··· Extracted material ···

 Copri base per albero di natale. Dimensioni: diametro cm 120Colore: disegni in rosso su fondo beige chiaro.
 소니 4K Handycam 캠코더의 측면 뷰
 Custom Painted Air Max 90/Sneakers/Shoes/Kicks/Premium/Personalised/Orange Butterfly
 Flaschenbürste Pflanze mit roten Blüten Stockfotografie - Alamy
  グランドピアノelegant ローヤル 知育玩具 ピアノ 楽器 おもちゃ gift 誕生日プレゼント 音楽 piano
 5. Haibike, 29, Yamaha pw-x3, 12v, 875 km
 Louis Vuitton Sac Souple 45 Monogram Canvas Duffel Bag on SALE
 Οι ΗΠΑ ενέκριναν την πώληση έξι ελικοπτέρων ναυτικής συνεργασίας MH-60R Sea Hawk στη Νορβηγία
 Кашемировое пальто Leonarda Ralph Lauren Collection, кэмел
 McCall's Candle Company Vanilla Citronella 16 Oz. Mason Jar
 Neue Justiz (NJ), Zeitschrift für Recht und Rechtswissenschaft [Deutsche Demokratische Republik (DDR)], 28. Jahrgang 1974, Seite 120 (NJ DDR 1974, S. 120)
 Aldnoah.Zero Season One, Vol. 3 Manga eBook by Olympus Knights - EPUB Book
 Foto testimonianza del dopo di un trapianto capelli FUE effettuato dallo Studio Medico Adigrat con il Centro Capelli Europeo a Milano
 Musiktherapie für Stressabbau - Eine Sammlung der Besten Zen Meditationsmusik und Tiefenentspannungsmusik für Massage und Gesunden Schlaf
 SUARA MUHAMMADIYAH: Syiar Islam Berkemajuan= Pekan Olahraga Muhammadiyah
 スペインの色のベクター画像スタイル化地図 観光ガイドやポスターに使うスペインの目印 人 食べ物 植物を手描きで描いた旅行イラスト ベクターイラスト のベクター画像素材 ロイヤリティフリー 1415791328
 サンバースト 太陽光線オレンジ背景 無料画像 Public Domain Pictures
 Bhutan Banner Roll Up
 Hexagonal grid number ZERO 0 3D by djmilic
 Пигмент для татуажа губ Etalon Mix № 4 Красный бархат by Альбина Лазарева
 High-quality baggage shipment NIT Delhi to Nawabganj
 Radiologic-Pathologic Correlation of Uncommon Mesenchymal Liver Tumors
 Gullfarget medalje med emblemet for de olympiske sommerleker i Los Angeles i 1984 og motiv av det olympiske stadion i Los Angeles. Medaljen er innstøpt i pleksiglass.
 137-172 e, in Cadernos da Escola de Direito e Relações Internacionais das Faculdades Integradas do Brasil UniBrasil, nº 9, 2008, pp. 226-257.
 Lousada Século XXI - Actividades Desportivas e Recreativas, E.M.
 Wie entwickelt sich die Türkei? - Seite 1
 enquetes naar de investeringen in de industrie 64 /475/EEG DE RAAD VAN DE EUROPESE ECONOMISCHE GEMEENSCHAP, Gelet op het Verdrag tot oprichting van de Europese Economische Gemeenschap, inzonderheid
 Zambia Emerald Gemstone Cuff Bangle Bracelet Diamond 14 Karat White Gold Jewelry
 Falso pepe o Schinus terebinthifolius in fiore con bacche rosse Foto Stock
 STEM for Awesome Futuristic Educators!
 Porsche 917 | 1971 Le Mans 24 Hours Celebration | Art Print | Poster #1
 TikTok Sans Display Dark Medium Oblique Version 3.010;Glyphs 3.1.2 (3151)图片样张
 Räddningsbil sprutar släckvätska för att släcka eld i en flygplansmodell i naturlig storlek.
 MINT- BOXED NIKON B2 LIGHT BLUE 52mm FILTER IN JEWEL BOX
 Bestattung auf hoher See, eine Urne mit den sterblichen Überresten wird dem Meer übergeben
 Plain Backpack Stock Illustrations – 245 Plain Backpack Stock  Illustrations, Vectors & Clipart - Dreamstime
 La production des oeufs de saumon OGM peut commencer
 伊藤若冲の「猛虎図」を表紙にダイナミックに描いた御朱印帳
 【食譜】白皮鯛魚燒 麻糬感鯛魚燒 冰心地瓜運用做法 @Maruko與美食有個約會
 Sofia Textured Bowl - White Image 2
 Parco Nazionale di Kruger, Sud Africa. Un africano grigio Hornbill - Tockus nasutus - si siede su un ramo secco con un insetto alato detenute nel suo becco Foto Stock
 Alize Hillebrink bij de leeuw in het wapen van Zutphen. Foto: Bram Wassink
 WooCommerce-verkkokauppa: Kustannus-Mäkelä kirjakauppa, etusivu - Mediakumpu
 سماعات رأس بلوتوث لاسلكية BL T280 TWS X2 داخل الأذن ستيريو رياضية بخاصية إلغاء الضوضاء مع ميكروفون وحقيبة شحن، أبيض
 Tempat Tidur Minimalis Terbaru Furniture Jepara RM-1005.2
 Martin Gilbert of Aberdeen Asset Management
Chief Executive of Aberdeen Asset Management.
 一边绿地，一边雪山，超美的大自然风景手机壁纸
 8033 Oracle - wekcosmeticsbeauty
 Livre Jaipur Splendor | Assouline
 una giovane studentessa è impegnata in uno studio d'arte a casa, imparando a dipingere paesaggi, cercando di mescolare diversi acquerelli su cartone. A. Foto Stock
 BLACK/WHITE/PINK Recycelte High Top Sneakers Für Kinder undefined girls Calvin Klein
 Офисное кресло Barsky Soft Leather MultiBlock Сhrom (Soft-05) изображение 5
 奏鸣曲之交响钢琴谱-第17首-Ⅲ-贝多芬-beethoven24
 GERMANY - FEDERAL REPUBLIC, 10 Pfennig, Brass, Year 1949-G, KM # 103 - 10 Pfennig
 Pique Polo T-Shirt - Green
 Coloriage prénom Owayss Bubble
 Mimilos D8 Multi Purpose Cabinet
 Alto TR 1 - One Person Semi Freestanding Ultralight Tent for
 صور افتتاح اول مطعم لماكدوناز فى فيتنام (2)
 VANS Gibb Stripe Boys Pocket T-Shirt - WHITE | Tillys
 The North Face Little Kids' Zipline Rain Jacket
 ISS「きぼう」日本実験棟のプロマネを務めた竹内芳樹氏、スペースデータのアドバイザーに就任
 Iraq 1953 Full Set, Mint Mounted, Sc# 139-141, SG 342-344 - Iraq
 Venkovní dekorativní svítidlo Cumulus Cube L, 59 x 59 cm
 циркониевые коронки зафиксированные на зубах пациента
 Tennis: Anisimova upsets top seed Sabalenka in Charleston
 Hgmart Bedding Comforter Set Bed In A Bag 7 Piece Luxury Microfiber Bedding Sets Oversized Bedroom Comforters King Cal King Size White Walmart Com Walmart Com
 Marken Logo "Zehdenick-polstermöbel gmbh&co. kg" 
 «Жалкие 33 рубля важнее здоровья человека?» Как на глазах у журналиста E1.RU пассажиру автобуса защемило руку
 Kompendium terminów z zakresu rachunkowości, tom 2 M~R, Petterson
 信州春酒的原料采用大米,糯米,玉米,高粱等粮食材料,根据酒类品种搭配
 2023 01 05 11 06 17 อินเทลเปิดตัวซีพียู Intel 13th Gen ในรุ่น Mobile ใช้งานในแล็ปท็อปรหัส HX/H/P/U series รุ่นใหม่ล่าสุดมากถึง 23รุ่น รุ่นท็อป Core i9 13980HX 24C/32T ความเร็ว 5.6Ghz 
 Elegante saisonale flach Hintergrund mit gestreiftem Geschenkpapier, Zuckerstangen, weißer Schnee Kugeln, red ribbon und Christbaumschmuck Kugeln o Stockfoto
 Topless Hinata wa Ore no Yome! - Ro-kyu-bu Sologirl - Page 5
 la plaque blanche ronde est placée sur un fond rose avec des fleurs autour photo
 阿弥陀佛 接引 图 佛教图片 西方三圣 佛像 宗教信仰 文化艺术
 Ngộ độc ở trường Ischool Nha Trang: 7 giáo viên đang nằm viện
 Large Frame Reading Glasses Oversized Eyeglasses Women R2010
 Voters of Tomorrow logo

···

# [Work to be completed]
A complete answer gives every line of the data that includes "Oversized".

# [Response to the exercise]
 Hgmart Bedding Comforter Set Bed In A Bag 7 Piece Luxury Microfiber Bedding Sets Oversized Bedroom Comforters King Cal King Size White Walmart Com Walmart Com
 Large Frame Reading Glasses Oversized Eyeglasses Women R2010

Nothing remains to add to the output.